Literature DB >> 8800629

Antiparkinsonian agents. Drug interactions of clinical significance.

R F Pfeiffer1.   

Abstract

Within the past 3 decades revolutionary changes have taken place in the pharmacological management of Parkinson's disease. Used alone, or often in combination, antiparkinsonian agents can dramatically and meaningfully ameliorate the symptoms of Parkinson's disease. However, with the development of effective therapeutic agents has come the potential for drug interactions; these interactions can produce consequences that range from the inconsequential to incapacitating and even life-threatening. Drug-drug interactions are not a major problem with either the anticholinergic medications or amantadine. However, cumulative anticholinergic toxicity may occur when multiple drugs with anticholinergic properties are utilised concomitantly, and amantadine toxicity can be triggered by drugs that impair its renal clearance.
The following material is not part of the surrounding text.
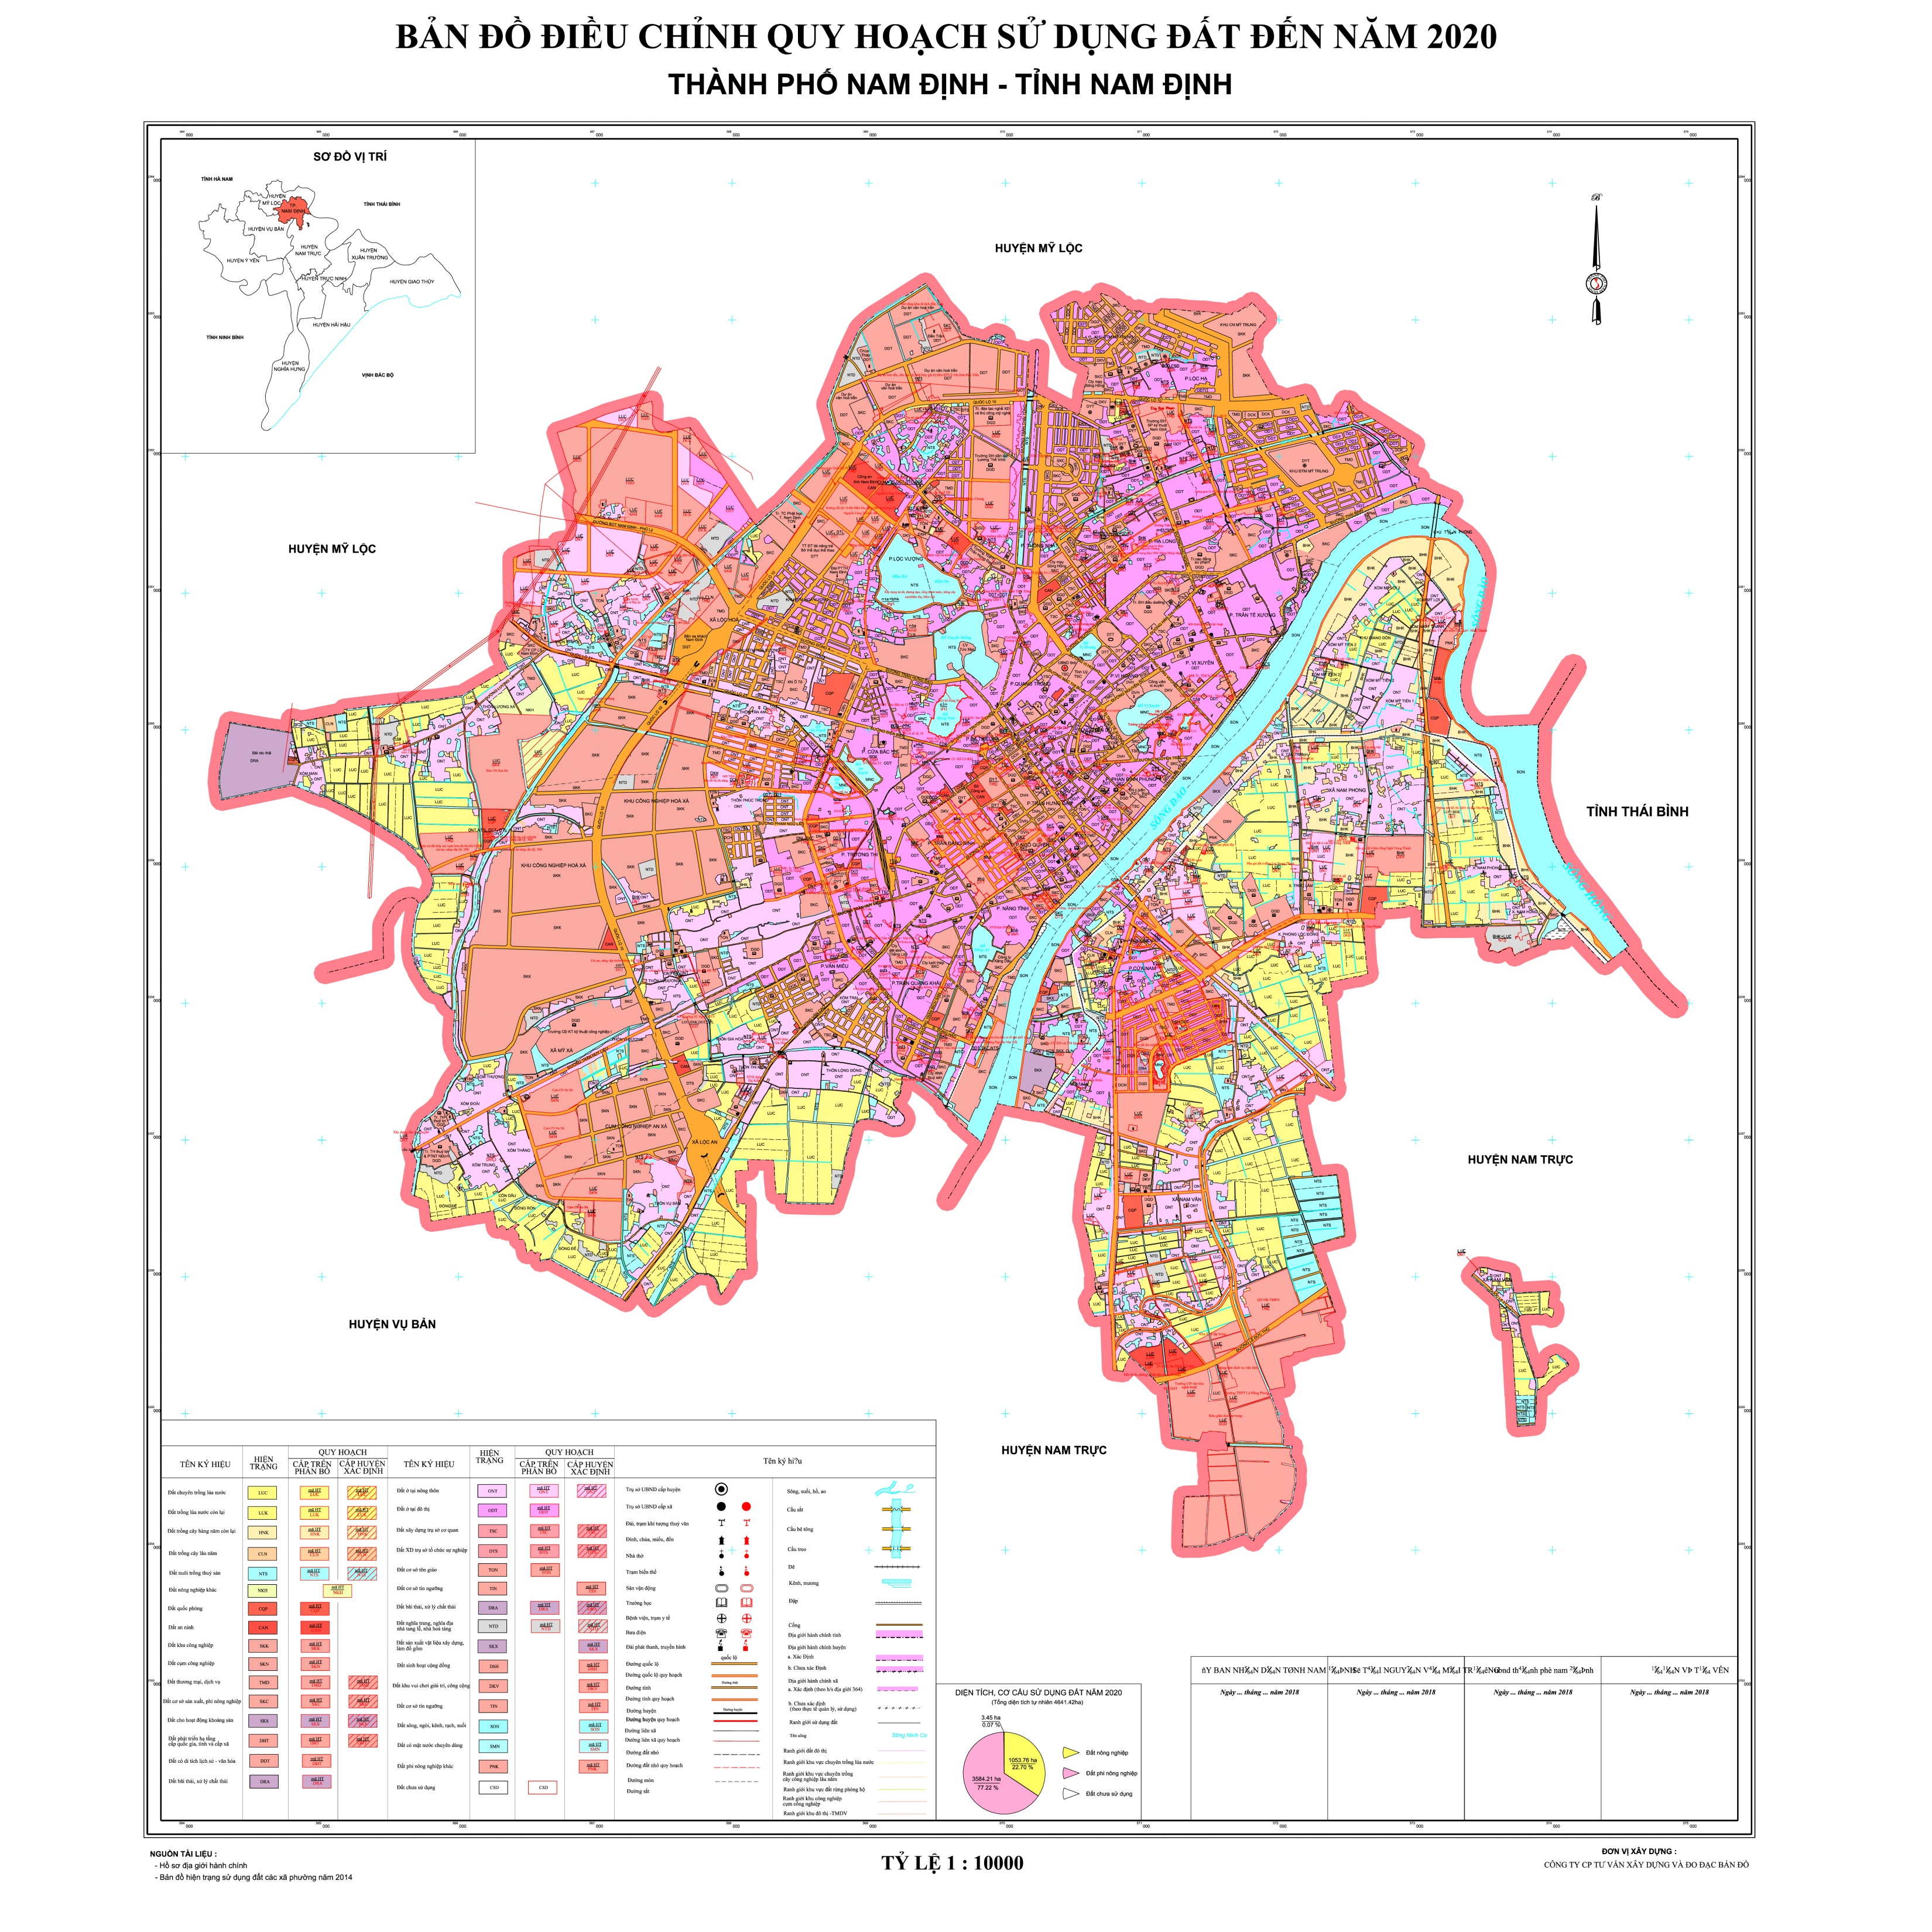 Khám phá bản đồ hành chính tỉnh Nam Định năm 2024 và tìm hiểu về sự phát triển đầy tiềm năng của tỉnh. Các thông tin về địa điểm, kết nối giao thông, cơ sở hạ tầng, và quy hoạch đô thị sẽ được cập nhật mới nhất trên bản đồ.

Gastric emptying and levodopa absorption can be significantly altered by medications and dietary contents. A rather extensive array of medications can interfere with dopaminergic function and thus produce clinical parkinsonism or impair the effectiveness of levodopa. The effectiveness of direct dopamine agonists can also be affected by a small group of agents. As a selective monoamine oxidase type B (MAO-B) inhibitor, selegiline (deprenyl) is free of the 'cheese-effect' when employed in recommended dosages. However, potentially life-threatening drug interactions, with both pethidine (meperidine) and with fluoxetine and other antidepressant medications, have been described, presumably occurring via serotonergic mechanisms. Awareness of the potential for drug interactions with antiparkinsonian agents, and prompt recognition of them when they do occur, is vital for the optimum clinical management of Parkinson's disease.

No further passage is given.